**Data:**
________________
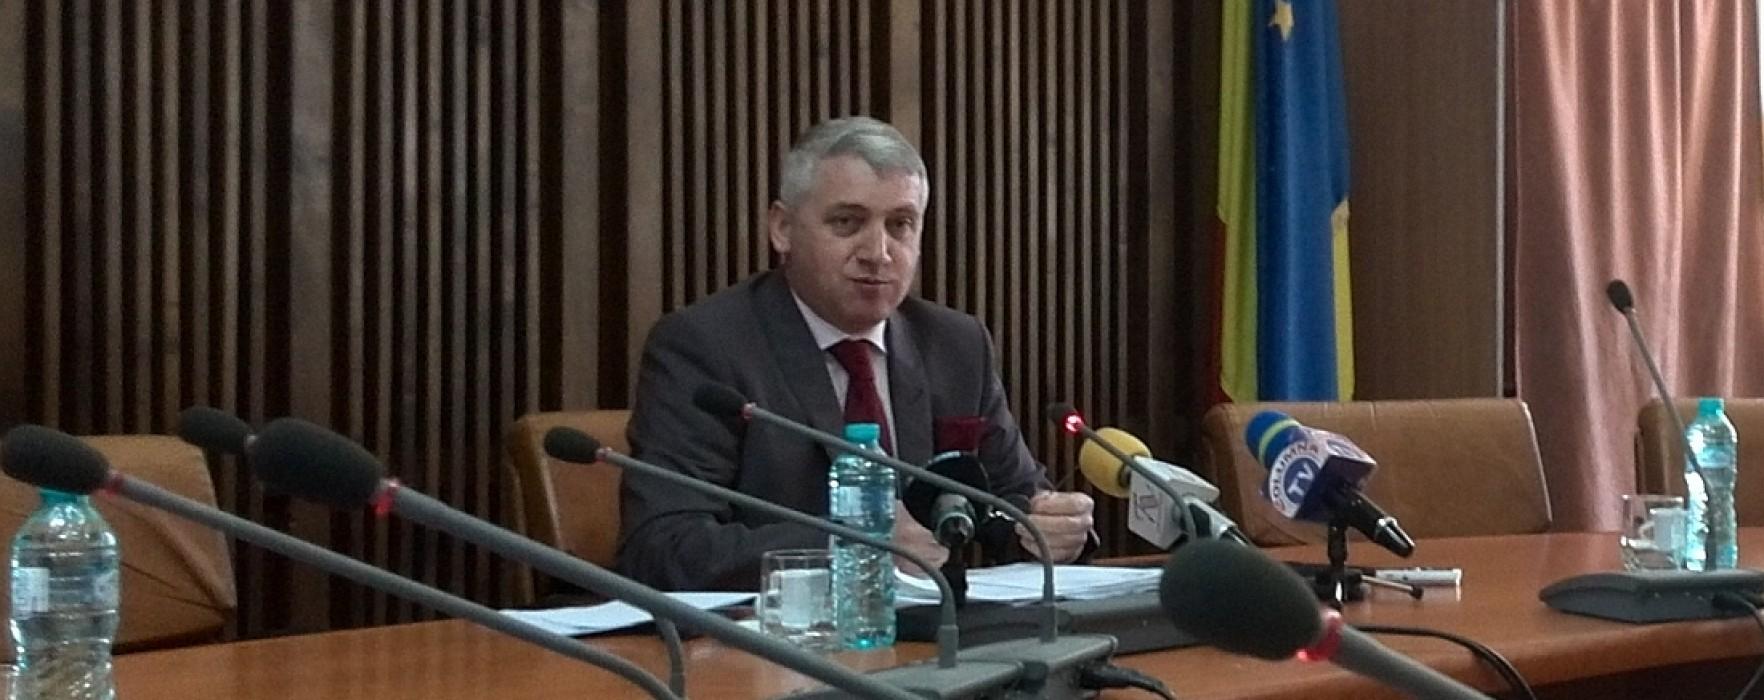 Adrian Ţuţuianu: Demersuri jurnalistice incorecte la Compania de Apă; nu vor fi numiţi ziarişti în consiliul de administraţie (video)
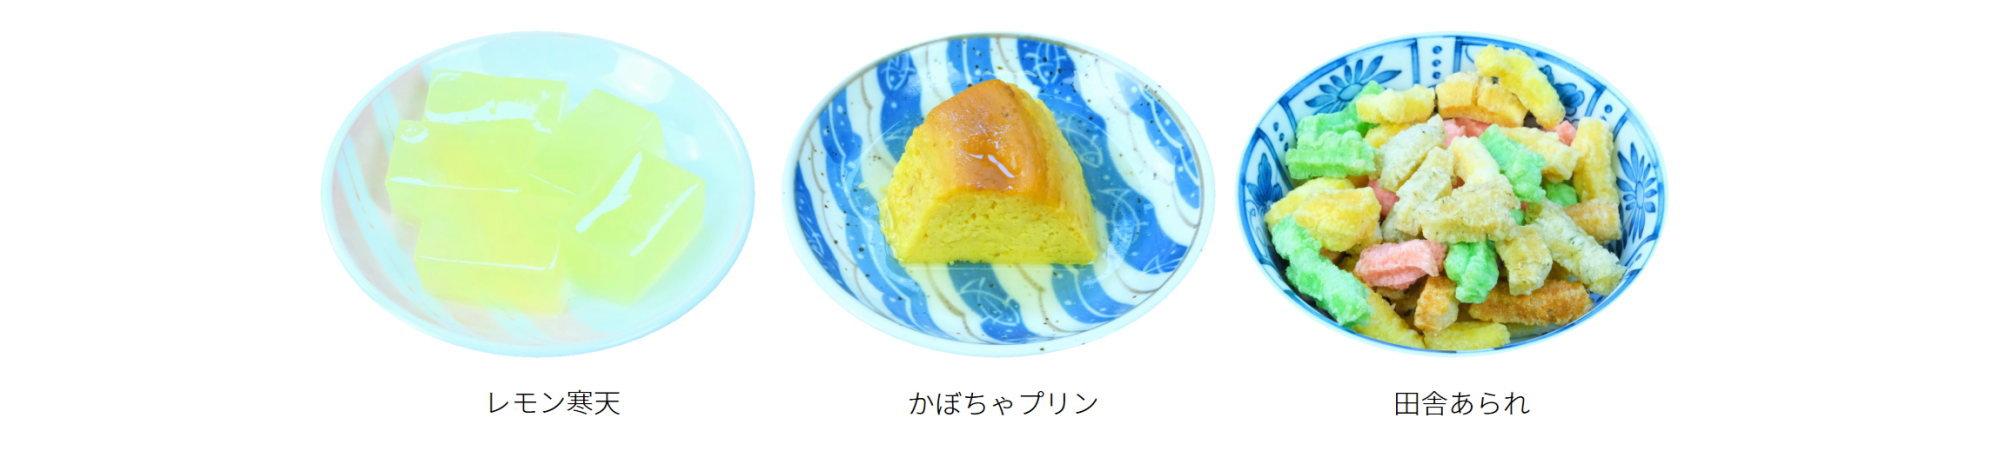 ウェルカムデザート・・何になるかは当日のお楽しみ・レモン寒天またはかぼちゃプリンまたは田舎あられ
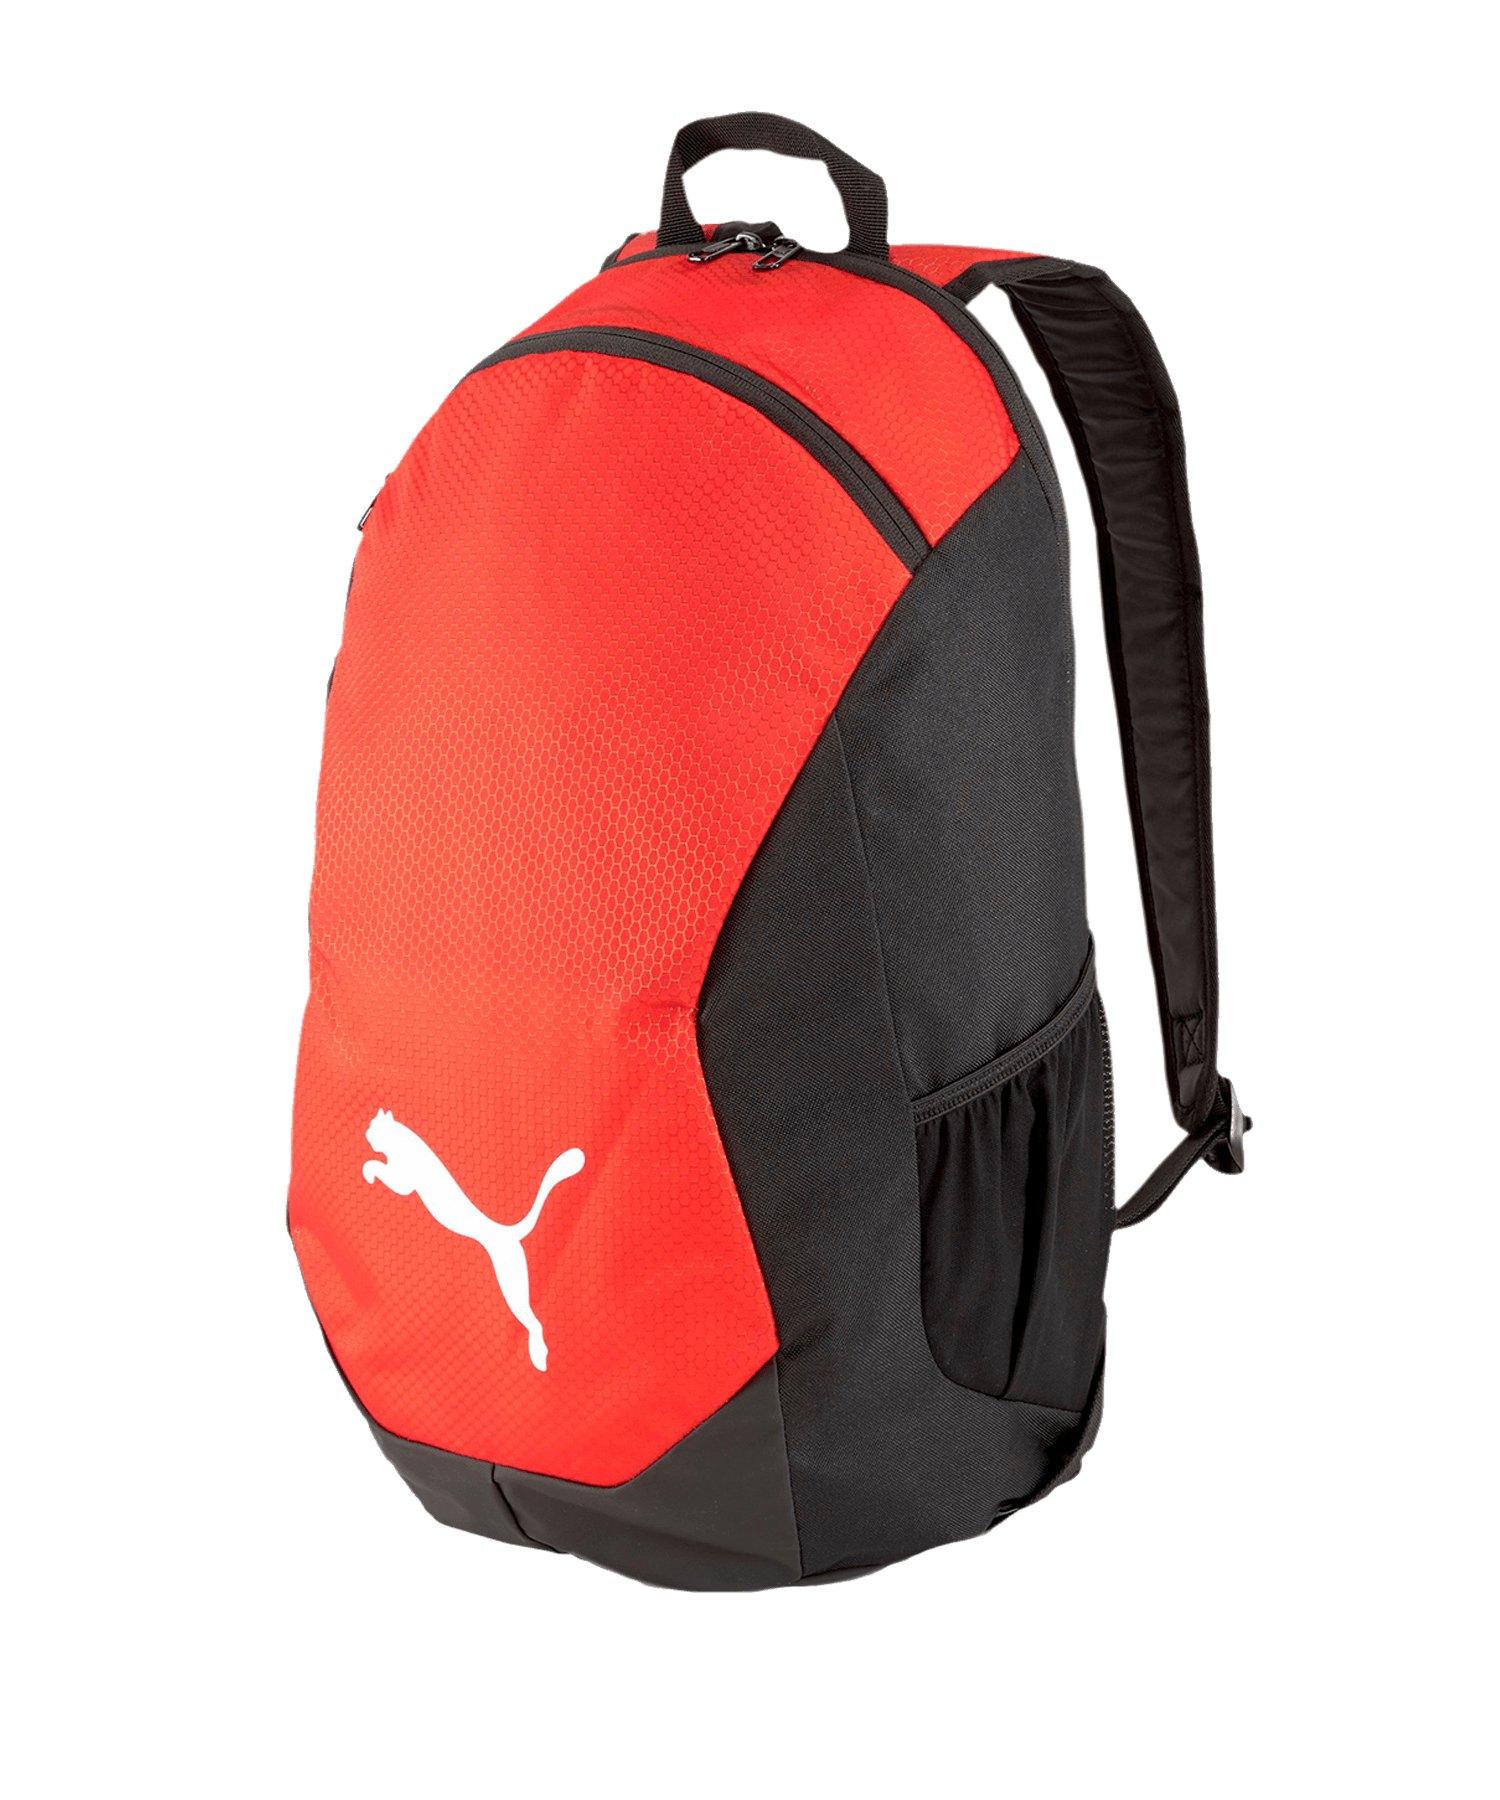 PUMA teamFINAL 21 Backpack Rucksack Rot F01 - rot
________________
From the line that contains "ウェルカムデザート・・何にな" down to the last line of the material above, every line must be repeated exactly, with pictures removed and both end lines included.

 ウェルカムデザート・・何になるかは当日のお楽しみ・レモン寒天またはかぼちゃプリンまたは田舎あられ
 PUMA teamFINAL 21 Backpack Rucksack Rot F01 - rot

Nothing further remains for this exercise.